Abstract
Ivermectin, an anti-parasitic agent widely used for onchocerciasis in humans, is emerging as an oral antiscabietic that is as safe and effective as the topical antiscabietics. In the recent reports, all groups of population responded to ivermectin in the treatment of scabies, including immunocompetent, immunocompromised, and other high-risk populations such as individuals with Down's syndrome. This report reviews the efficacy, the mechanism of action, and the safety profile of ivermectin in the treatment of scabies, particularly its utility in crusted scabies and outbreaks of scabies in institutional settings.
Introduction
The standard therapy for scabies consists of topical antiscabietics such as precipitated sulfur, crotamiton, lindane, and permethrin. Permethrin 5% has become the antiscabietic of choice in the United States because of reports of resistance to and central nervous system (CNS) toxicity of lindane. In fact, lindane has recently been added to the Food and Drug Administration (FDA) MedWatch list because inappropriate usage and suicidal ingestion have resulted in three deaths (1).
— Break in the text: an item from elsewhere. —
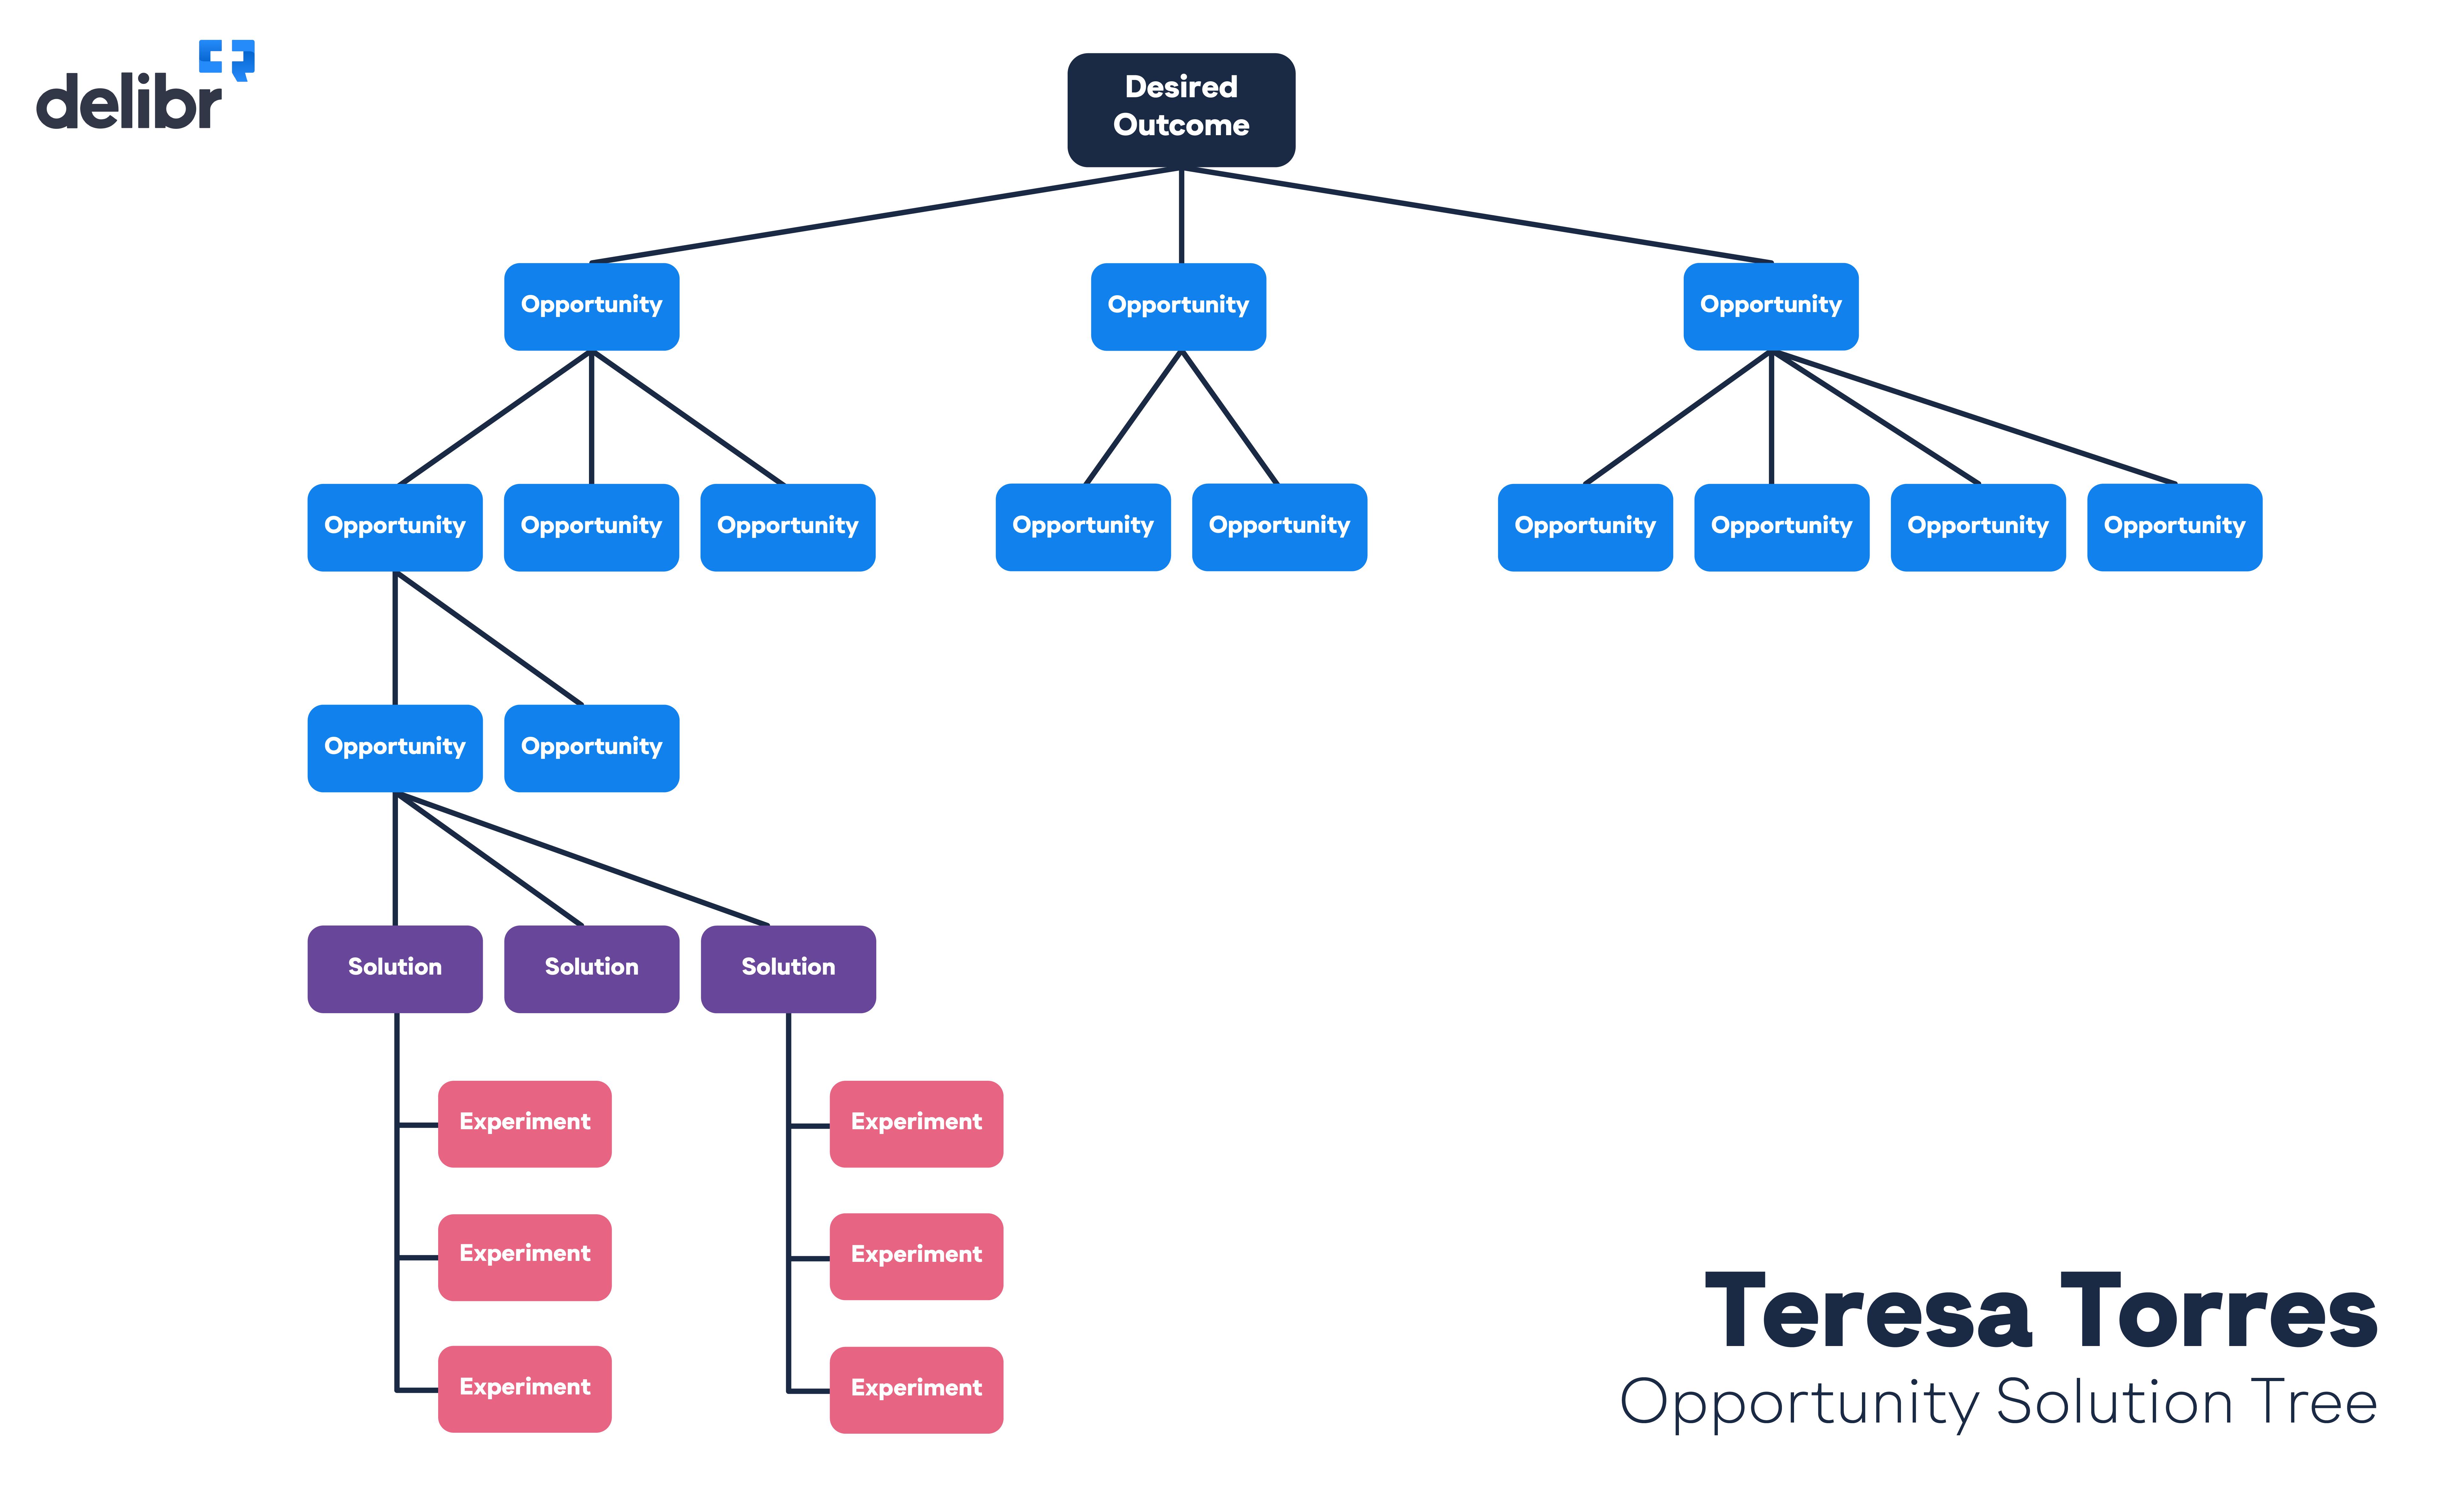 Teresa Torres solution tree

Oral antiscabietic, namely ivermectin, has been introduced within the last decade as an alternative to the topical agents. Ivermectin is a derivative of a class of compounds known as the avermectins. Avermectins were first discovered in mid 1970s in fermentation broth of a soil actinomycete, Streptomyces avermitilis (2). Specifically, ivermectin is a semi-synthetic derivative of avermectin B1a, a macrolytic lactone structurally similar to the macrolide antibiotics but with no known antibacterial activity (Figure 1). It was initially developed as an insecticide for crop management and was subsequently found to be a safe and effective treatment for infections and infestations in livestock and domestic animals by nematodes and arthropods, including insects, ticks, and mites (2). Ivermectin has since gained wide acceptance for use in humans as the treatment of choice for onchocerciasis, a filarial infection responsible for river blindness in many developing countries. The drug has also proven to be effective against a host of other human infections, including Wuchereria bancrofti, Brugia malayi, Strongyloides stercoralis, Enterobius vermicularis, cutaneous larva migrans, and head and body lice (3-5). In 1996, ivermectin was approved in the United States for treating the intestinal stage of strongyloides and onchocerciasis. Although the medicine is widely used in veterinary medicine for mite infestation, referred to as mange, ivermectin has no indication in humans for scabies as of yet in the United States. There is no indication for patients weighing less than 15 kilograms for any disease due to lack of experience and studies in this subset of the population.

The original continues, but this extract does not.